- **Work item**: Would you please transcribe the listing exactly, with no images?

- **Input data**:
○ ○ ○ ○ ○

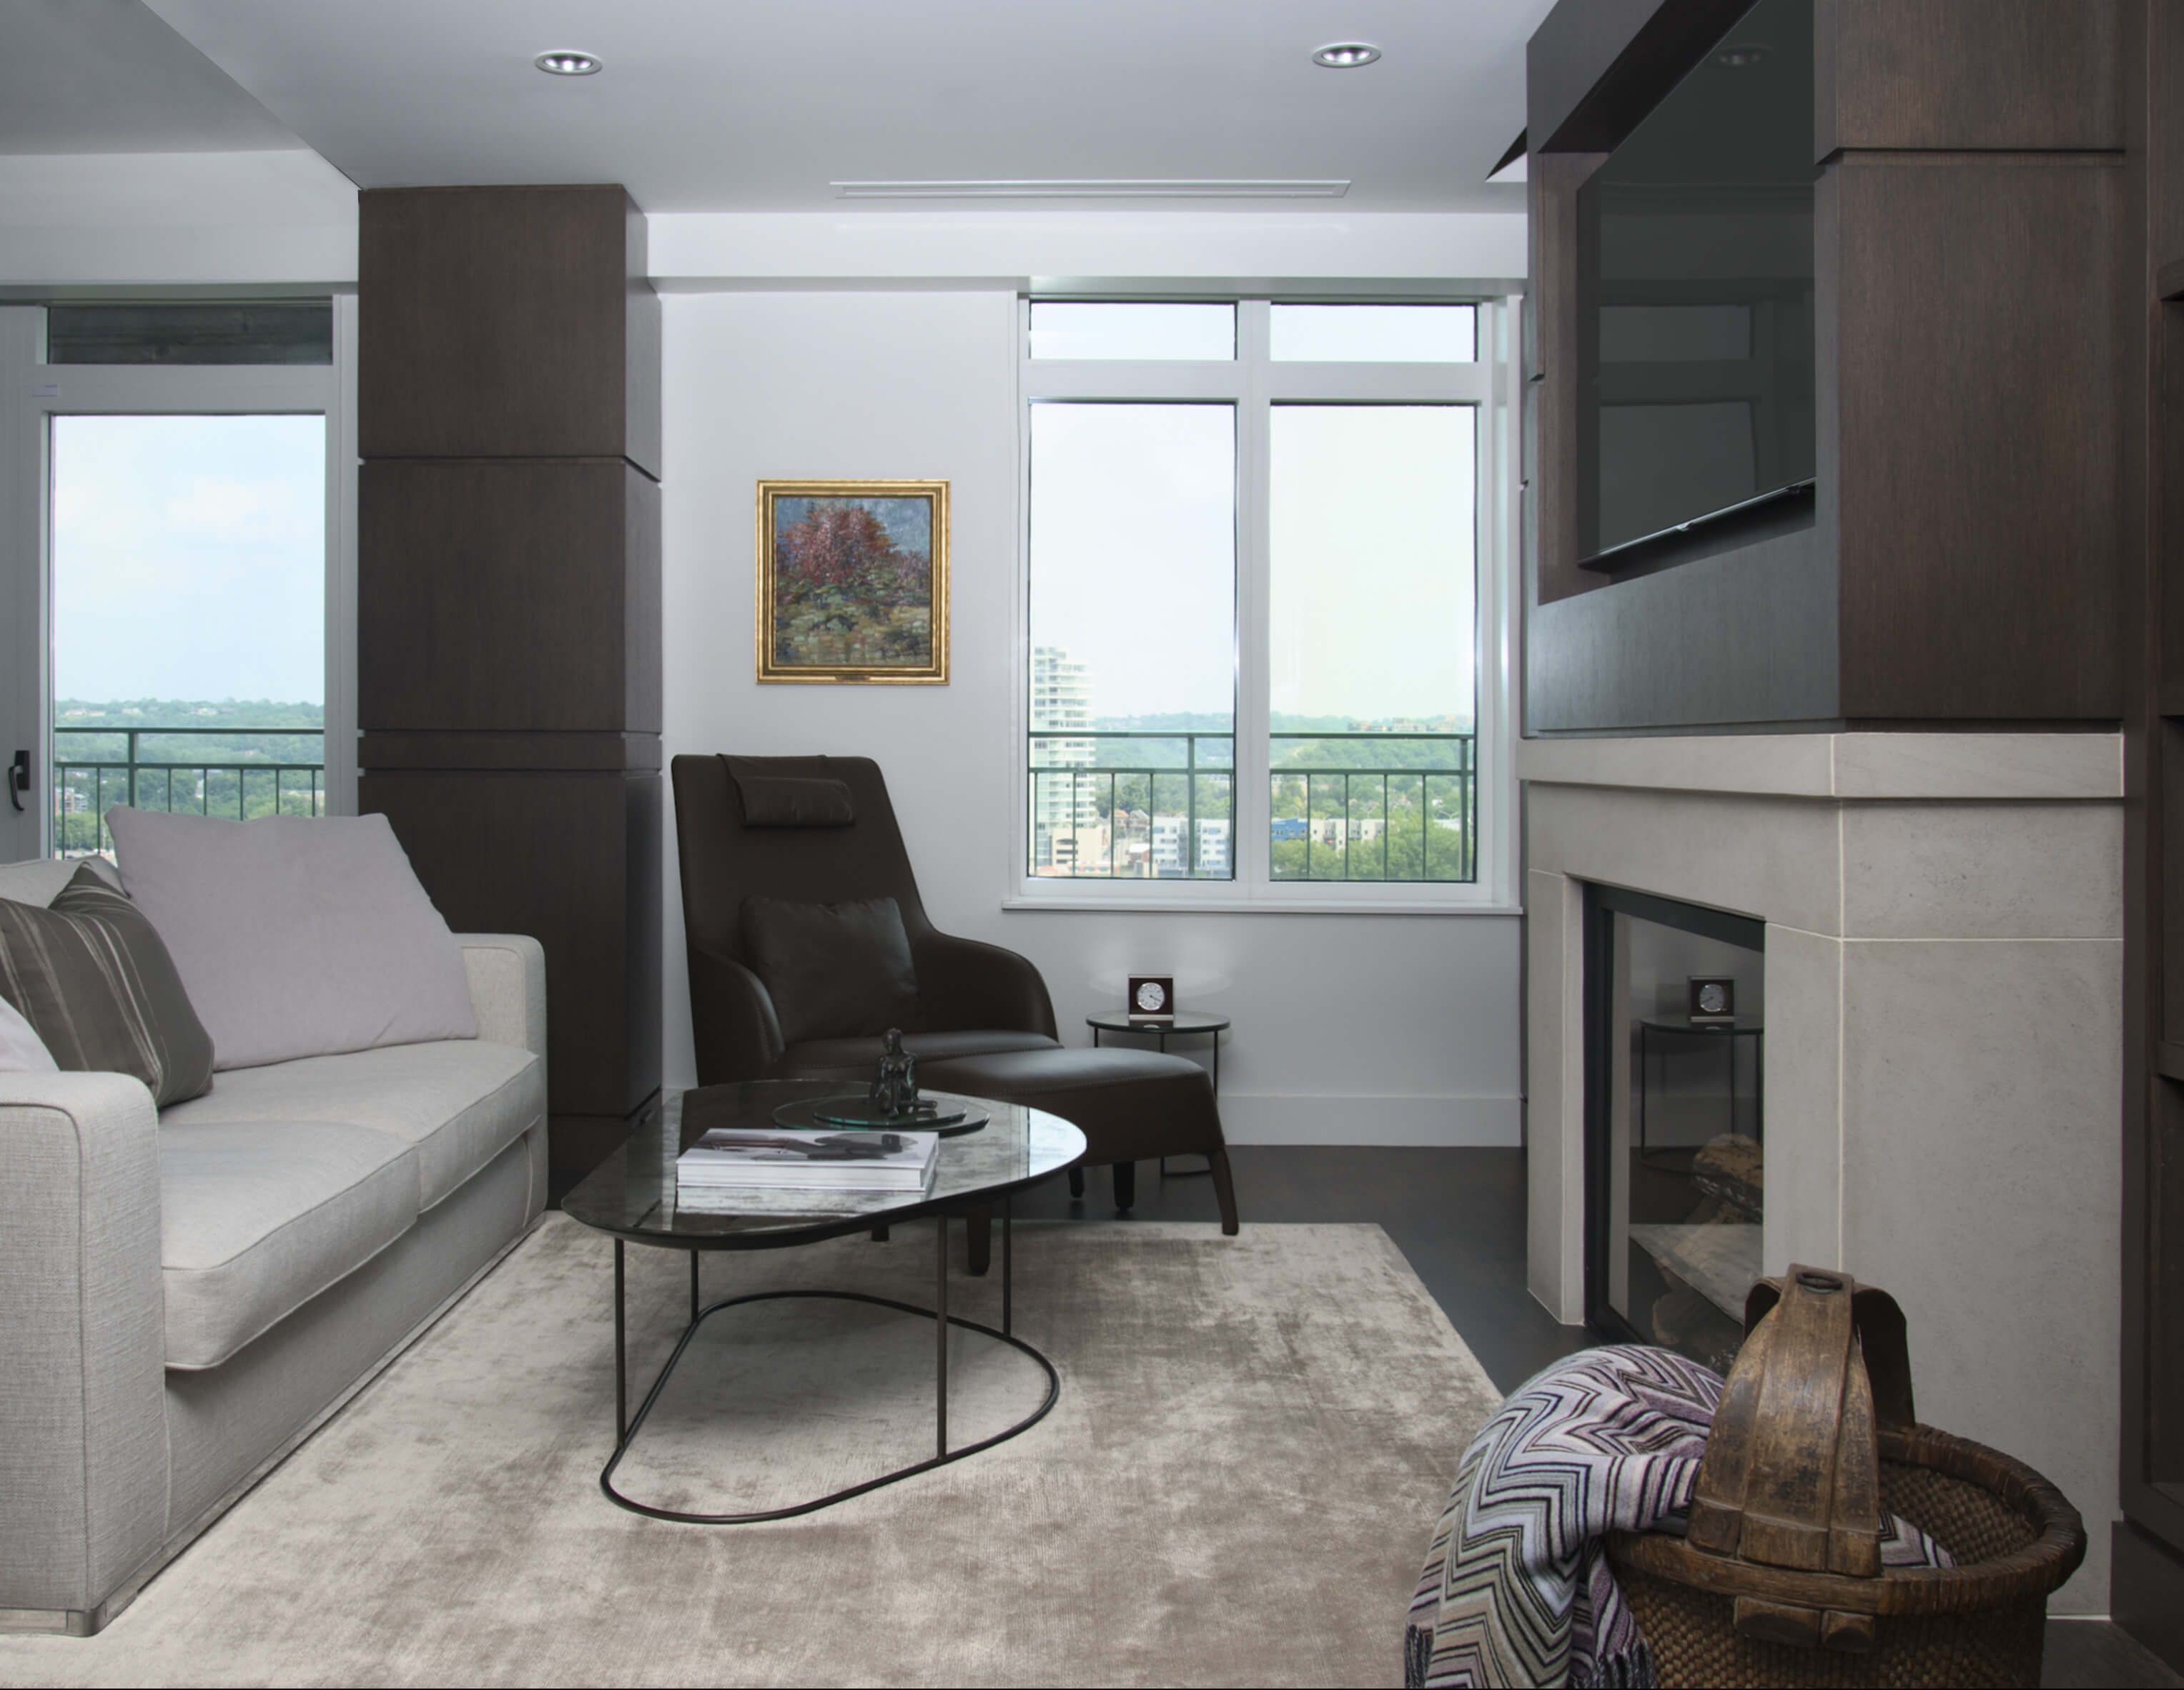 Modern and minimal living room designed by Interior Designer, RM Interiors.
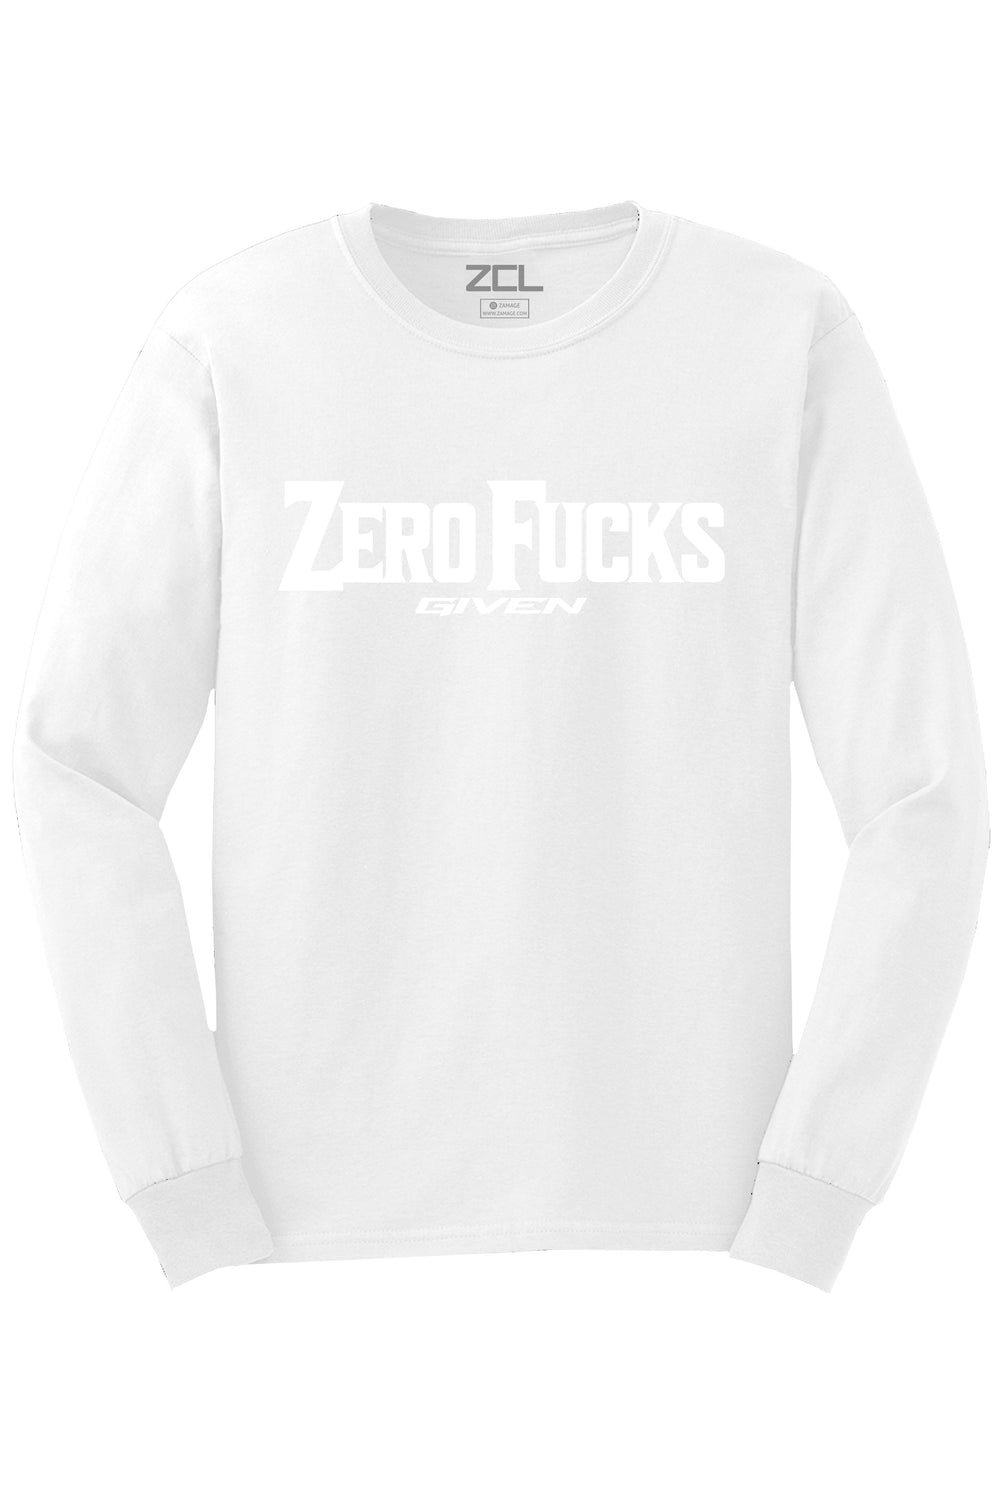 Zero F*cks Long Sleeve Tee (White Logo) - Zamage
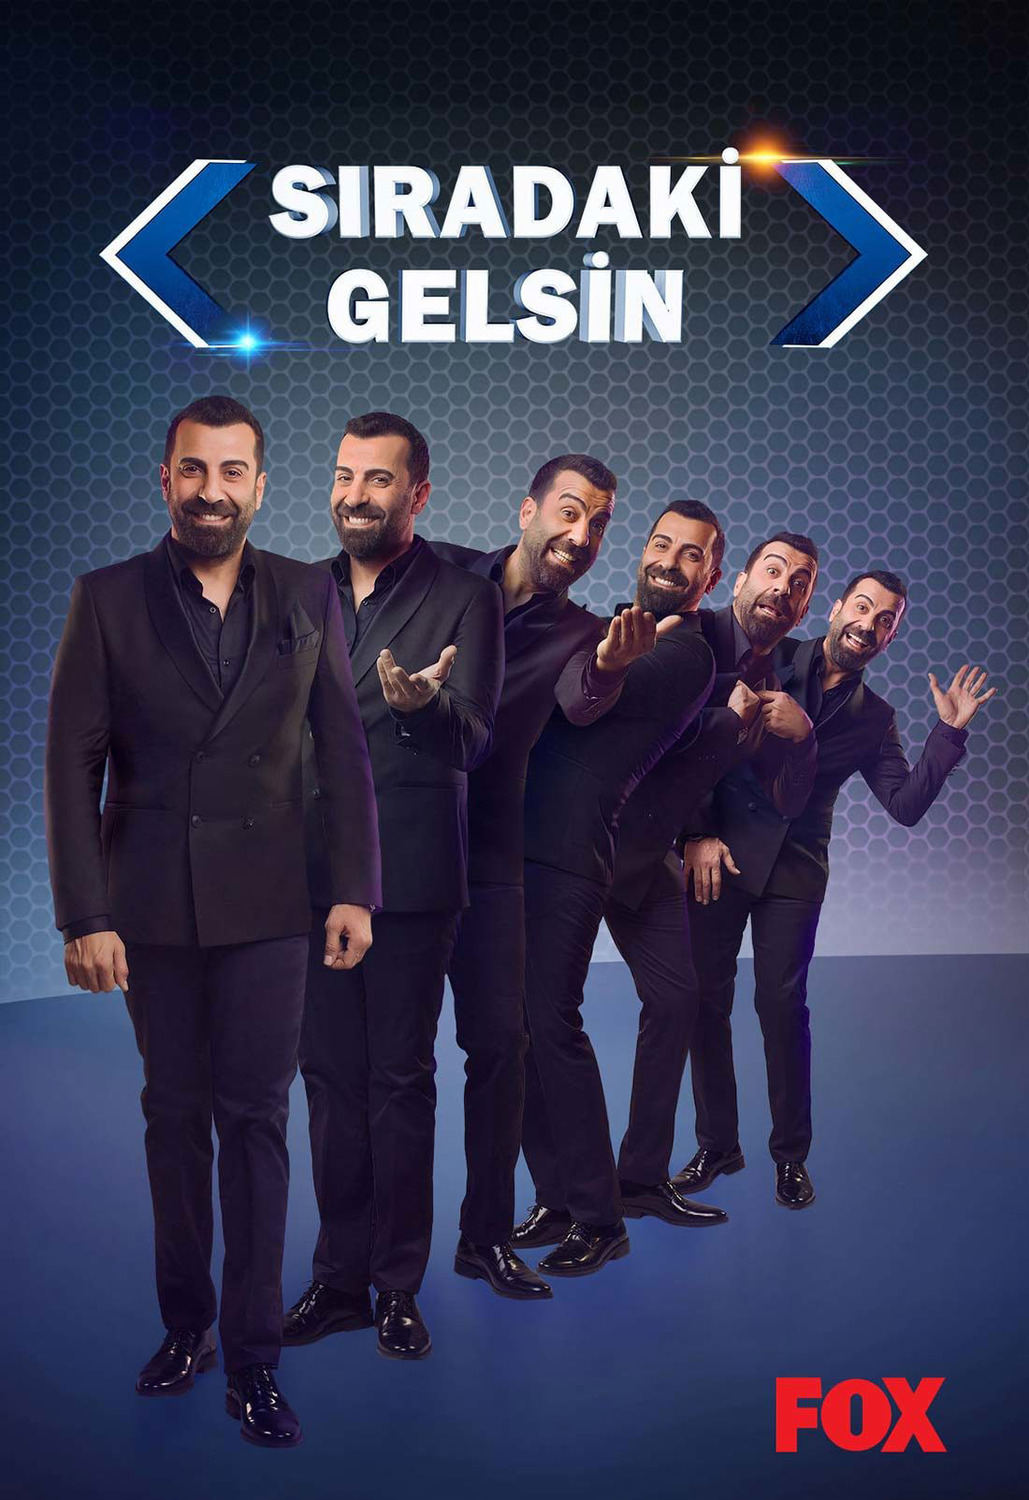 Extra Large TV Poster Image for Siradaki Gelsin

○ ○ ○ ○ ○

- **Task result**:
 Modern and minimal living room designed by Interior Designer, RM Interiors.
 Zero F*cks Long Sleeve Tee (White Logo) - Zamage
 Extra Large TV Poster Image for Siradaki Gelsin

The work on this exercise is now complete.